> Requirement: The required lines are those that contain "Home"; pull them out of the data and copy them.

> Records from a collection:

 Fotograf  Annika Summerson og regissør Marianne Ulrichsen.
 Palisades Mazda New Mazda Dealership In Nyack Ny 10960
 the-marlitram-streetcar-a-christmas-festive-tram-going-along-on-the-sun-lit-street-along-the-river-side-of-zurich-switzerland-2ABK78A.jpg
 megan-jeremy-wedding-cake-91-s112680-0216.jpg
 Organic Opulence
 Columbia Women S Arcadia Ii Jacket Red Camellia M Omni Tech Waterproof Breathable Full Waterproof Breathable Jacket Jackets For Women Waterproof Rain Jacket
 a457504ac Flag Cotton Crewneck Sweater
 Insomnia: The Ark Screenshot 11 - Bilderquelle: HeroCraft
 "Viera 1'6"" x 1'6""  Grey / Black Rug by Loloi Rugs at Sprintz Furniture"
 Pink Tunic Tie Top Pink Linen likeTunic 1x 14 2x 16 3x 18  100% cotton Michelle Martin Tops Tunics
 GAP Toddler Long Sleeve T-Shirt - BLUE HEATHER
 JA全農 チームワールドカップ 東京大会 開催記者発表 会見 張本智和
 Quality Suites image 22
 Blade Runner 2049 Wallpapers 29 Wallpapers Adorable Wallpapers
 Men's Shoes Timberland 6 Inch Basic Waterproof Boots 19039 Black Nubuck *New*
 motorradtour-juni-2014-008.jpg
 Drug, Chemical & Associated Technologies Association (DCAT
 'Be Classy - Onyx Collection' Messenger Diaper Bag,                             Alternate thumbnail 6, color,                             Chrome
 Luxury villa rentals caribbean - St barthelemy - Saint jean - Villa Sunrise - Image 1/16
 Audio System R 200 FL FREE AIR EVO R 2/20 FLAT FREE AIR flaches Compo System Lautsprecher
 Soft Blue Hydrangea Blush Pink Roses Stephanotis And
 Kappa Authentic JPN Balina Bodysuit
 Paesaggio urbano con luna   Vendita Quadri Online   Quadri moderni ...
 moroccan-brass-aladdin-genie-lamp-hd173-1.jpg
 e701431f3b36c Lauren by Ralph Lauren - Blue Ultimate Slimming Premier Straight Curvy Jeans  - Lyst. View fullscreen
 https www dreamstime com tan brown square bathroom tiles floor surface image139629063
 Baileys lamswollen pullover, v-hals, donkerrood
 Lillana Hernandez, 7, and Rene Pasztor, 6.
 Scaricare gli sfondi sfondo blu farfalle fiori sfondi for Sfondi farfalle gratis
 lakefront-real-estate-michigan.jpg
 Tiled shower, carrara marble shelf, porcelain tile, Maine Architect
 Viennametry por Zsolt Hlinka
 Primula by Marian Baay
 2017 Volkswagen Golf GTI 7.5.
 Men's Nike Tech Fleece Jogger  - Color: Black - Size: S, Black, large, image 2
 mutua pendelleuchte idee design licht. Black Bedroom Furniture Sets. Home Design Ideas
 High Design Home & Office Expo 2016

> Exercise output:
 mutua pendelleuchte idee design licht. Black Bedroom Furniture Sets. Home Design Ideas
 High Design Home & Office Expo 2016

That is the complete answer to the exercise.